Alright, i'm wondering how many of you have heard of, or anything by, these composers. Some of them used to be considered influential in certain circles once upon a time, but they're forgotten by almost everyone now and there's hardly any recordings available.

Bengt Hambraeus
Sten Broman
Arne Mellnäs
Jan W. Morthenson
Bo Nilsson
Sven-Erik Bäck
Ingvar Lidholm
Rolf Martinsson
Lars Sandberg
Henrik Strindberg
Anders Eliasson
Hilding Rosenberg
Anders Hillborg
Einar Englund


----------



## Chi_townPhilly (Apr 21, 2007)

Well... I did mention Ingvar Lidholm a little while ago, in this post. I have his 3-movement "Music for Strings." If it weren't for *BIS*, I'm sure I wouldn't even have that much. Unfortunately, the remaining composers on your list are still unknown to me.


----------



## Weston (Jul 11, 2008)

I have a Naxos recording of two Einar Englund symphonies and a piano concerto, so I suppose I have heard of him. I'm afraid I don't remember anything at all about the works, however. This is a sad side effect of having too much music available.  

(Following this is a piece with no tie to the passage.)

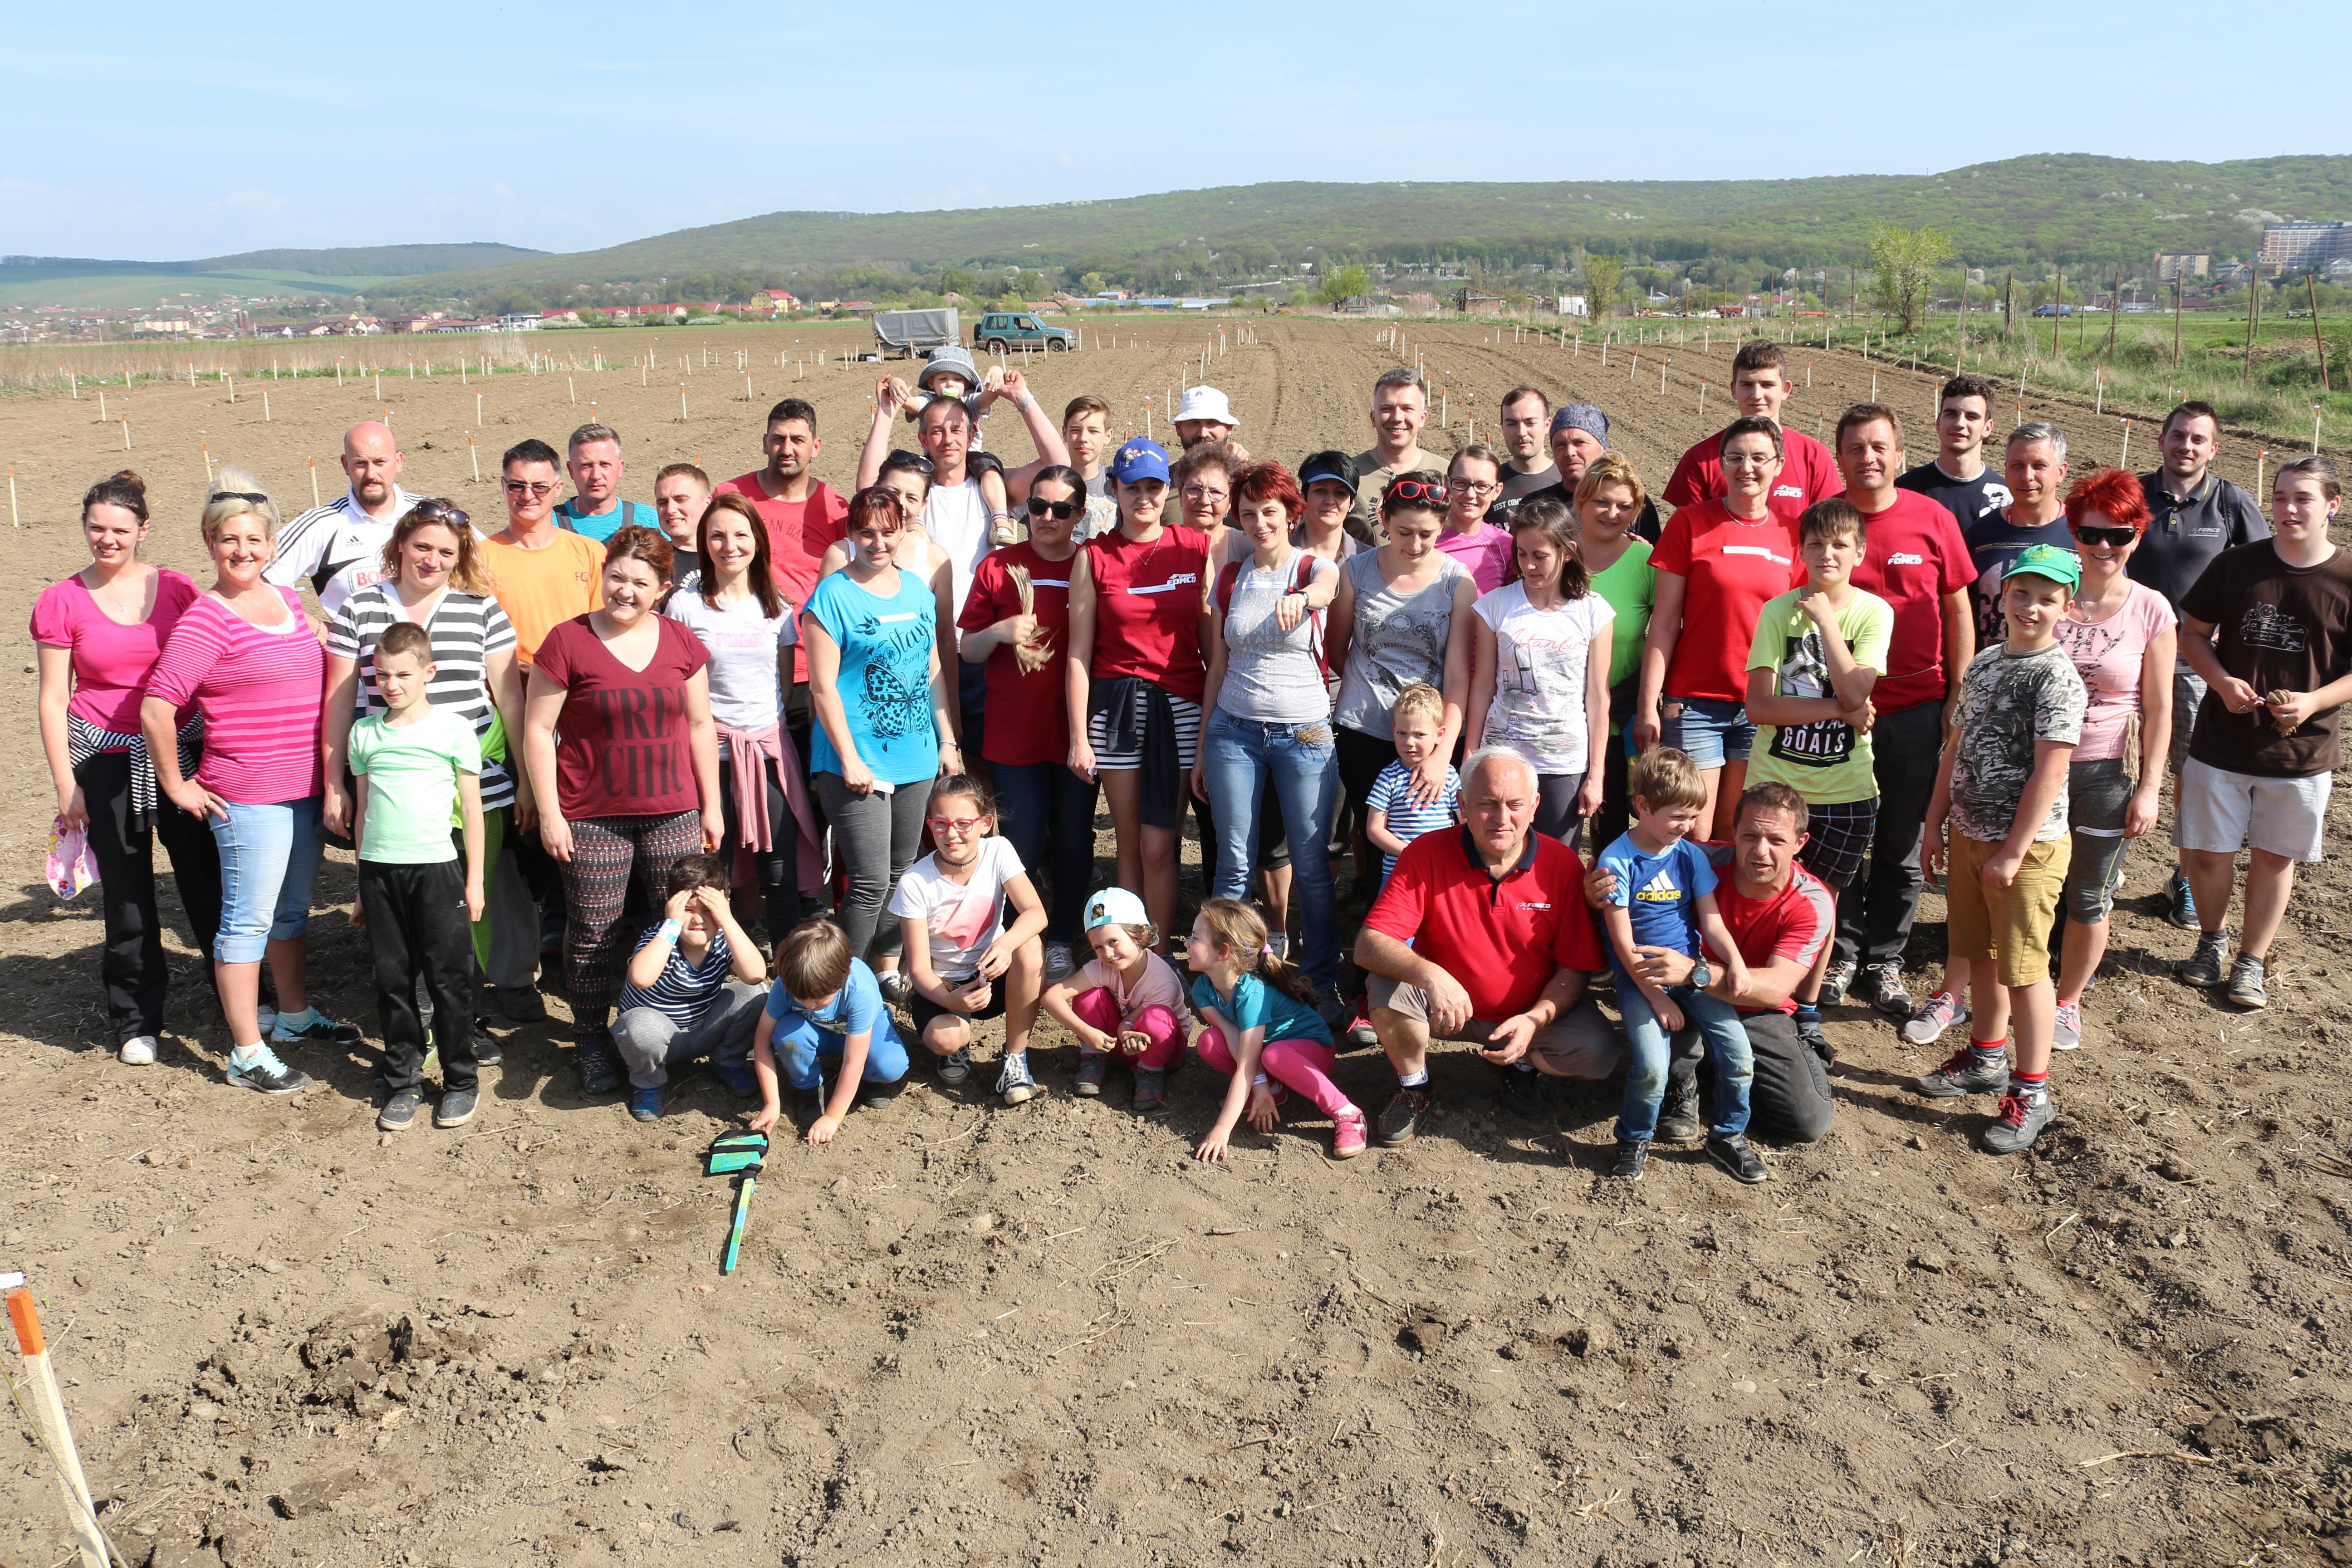 Grupul de firme Fomco a plantat peste 1000 de copaci la Sângeorgiu de Mureș

The others are unknown to me.


----------



## Guest (Aug 7, 2008)

I have a Naxos recording of Symphony no. 2 in G minor op 43 and Excelsior op 13 by Wilhem Stenhammar (1871-1927) sent to me by a Swedish friend a number of years ago. He siad this was a well known Swedish composer. I must say though that I find the music unremarkable.


----------



## Tapkaara (Apr 18, 2006)

Einar Englund is Finnish, not Swedish. He is a Swedish-speaking Finn.

Not mentioned here, (but should be mentioned) is Ture Rangström (1884-1947). He wrote music in an astere (some might severe), late-Romantic style with blocky, solid orchestration and soaring melodies.

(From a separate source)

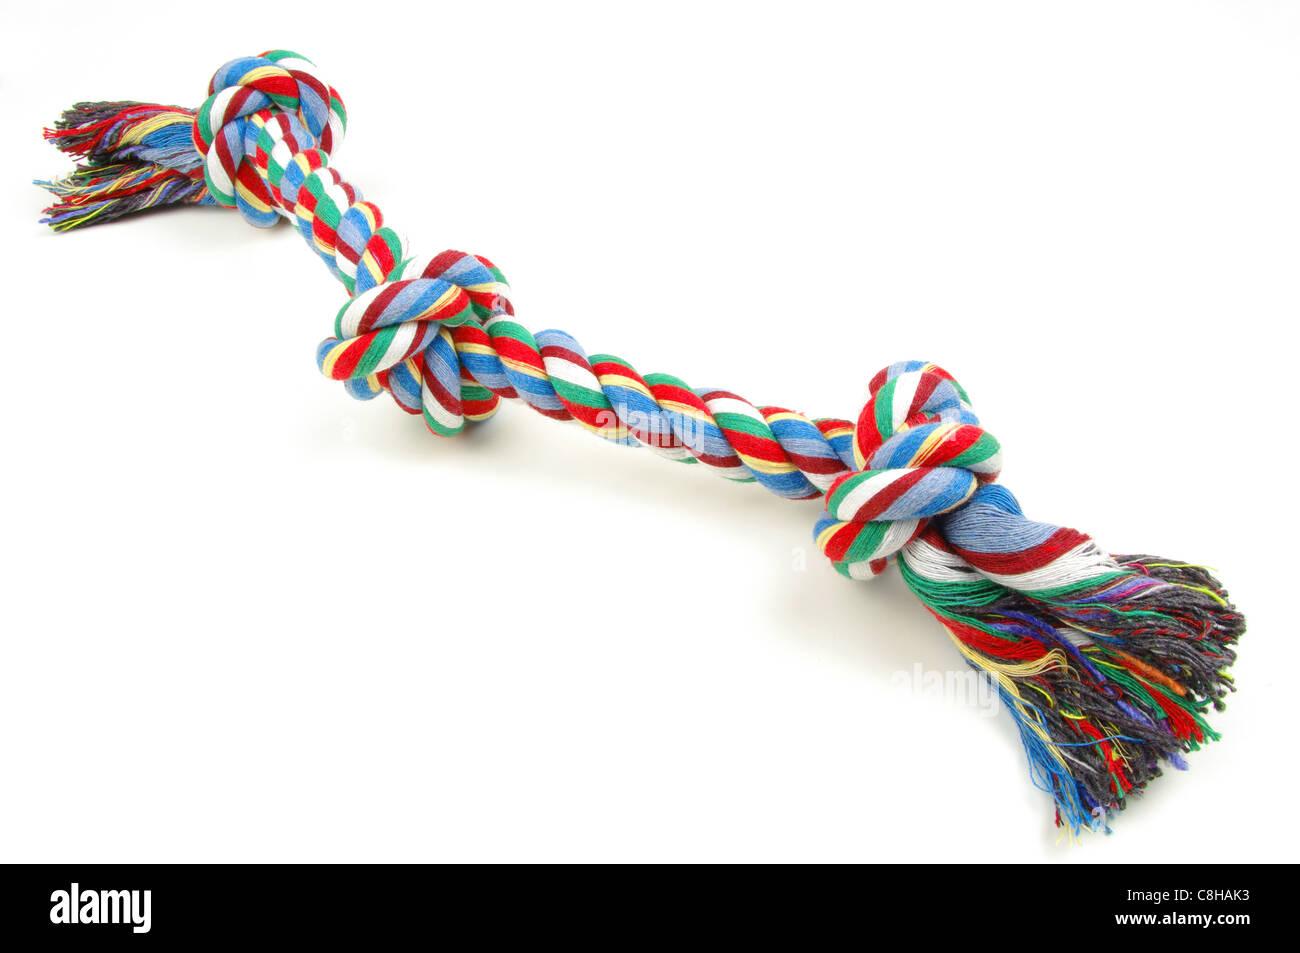 jouet pour chien corde Photo Stock

Sibelius once said that Rangström was "head and shoulders" above any other Swedish composers of his time.


----------



## orquesta tipica (Jan 17, 2007)

Tapkaara said:


> Einar Englund is Finnish, not Swedish. He is a Swedish-speaking Finn.

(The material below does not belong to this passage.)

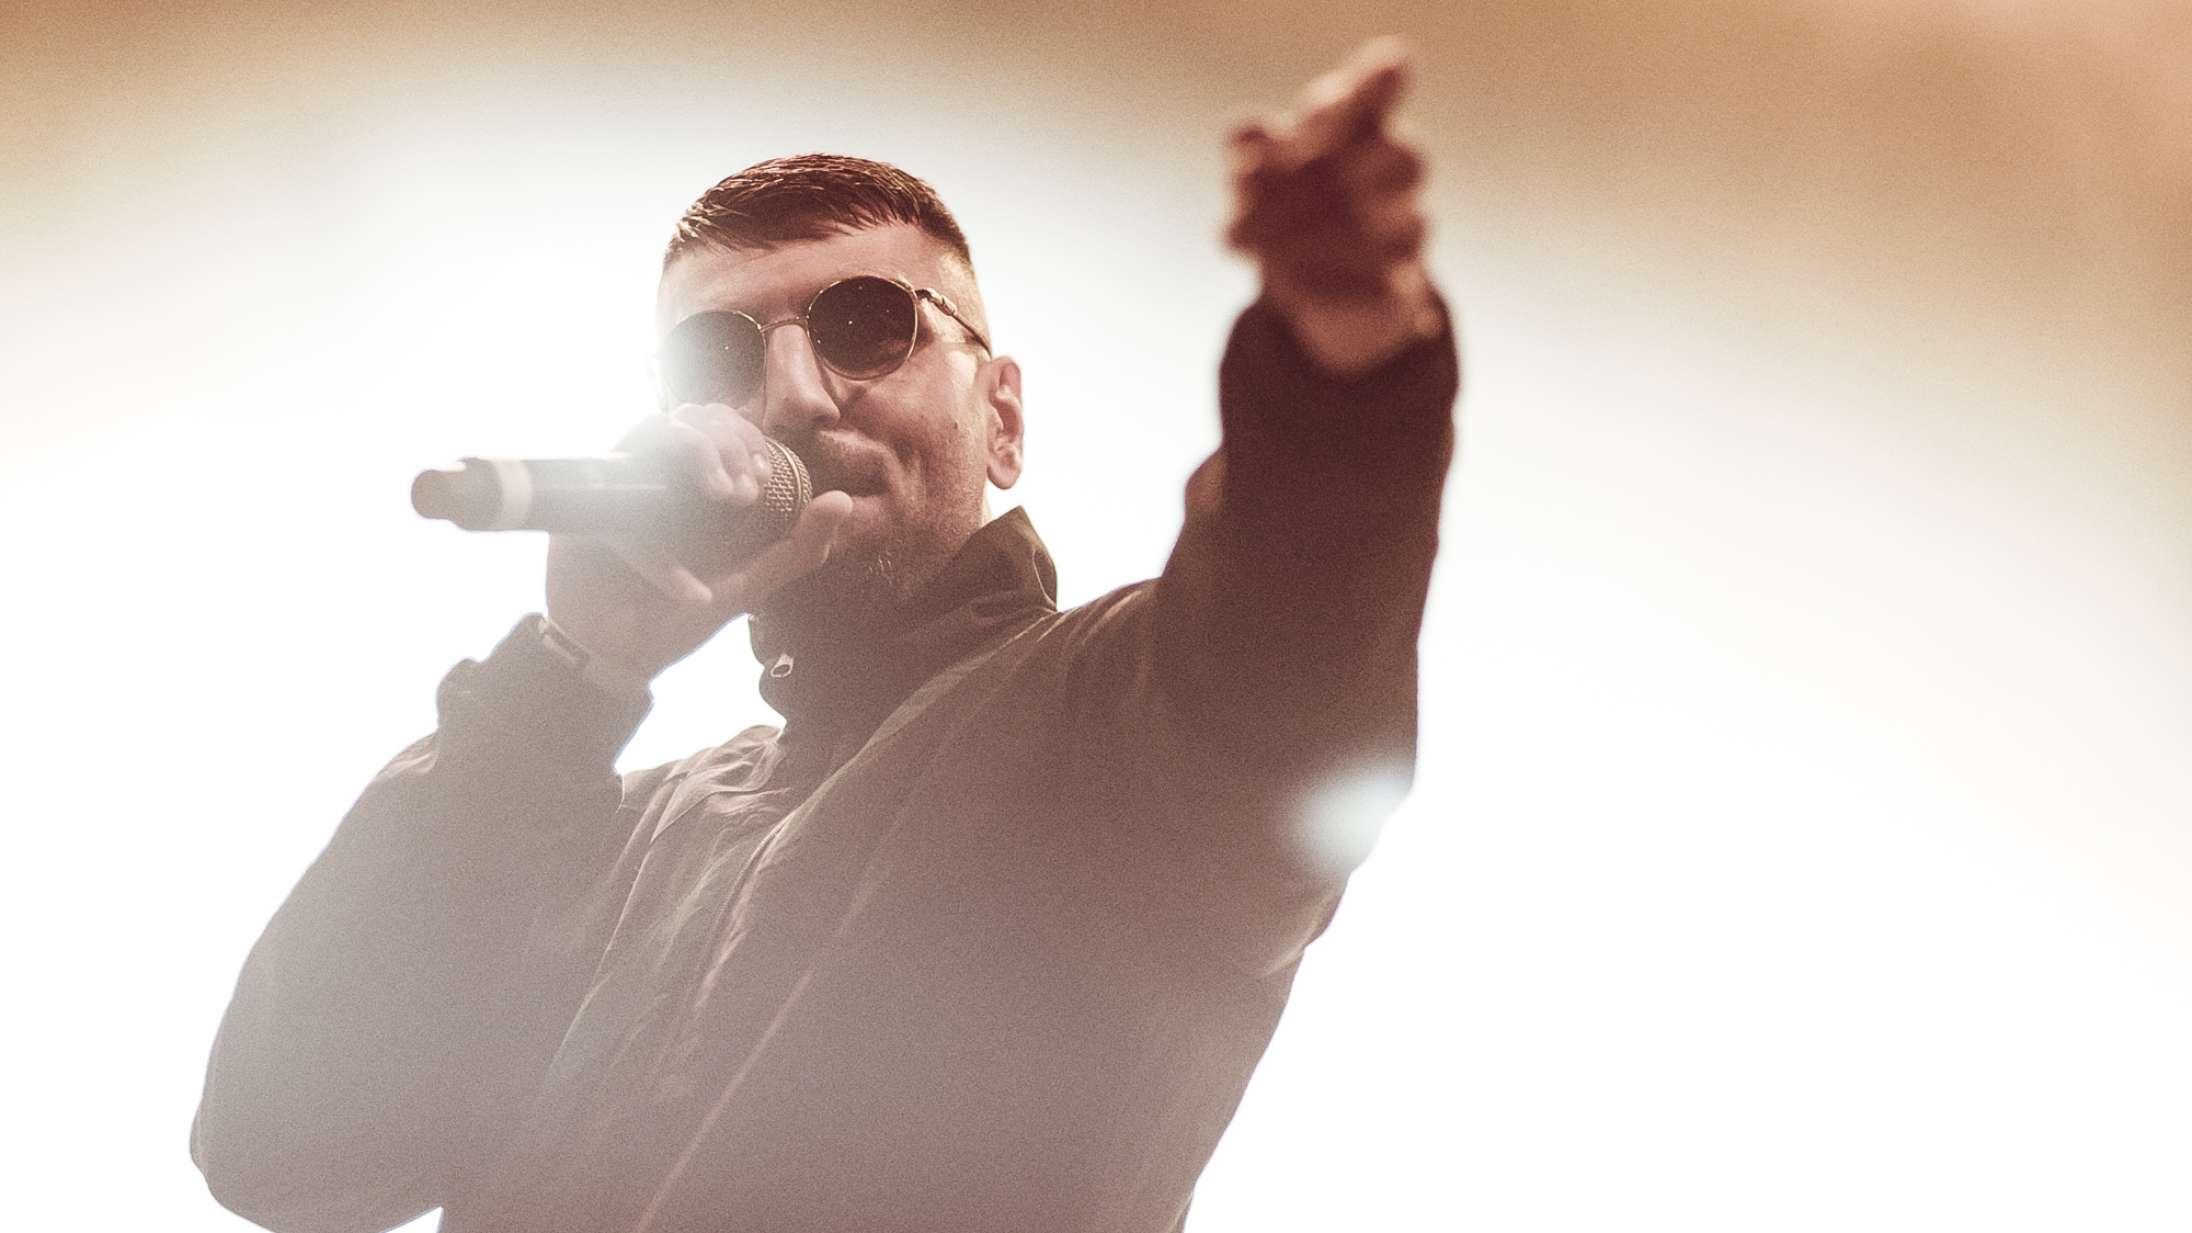 Sivas og Kesi topper listen over sommerens største hits på Spotify

Maybe he was part of the Swedish minority who live in Finland? But I guess that would still make him Finnish, if that's the country he identified most with.


----------



## Tapkaara (Apr 18, 2006)

Finland was a part of the Swedish kingdom for about 650 years. Swedish was the language of the aristocracy and Finnish was the language of peasants.

Even though Finland is an independant nation today, the Swedish language remains...it is actually an official language of the country. I believe only about 4-5% of Finns today speak Swedish.

Einar Englund was a Finnish national, but his first language was Swedish. Sibelius also fits this profile...his family were Swedish speaking Finns.


----------



## Benny (Feb 4, 2013)

Forgot Wilhelm Peterson-Berger? - Indeed, in Sweden he's not so obscure, but for the rest of the world he is!!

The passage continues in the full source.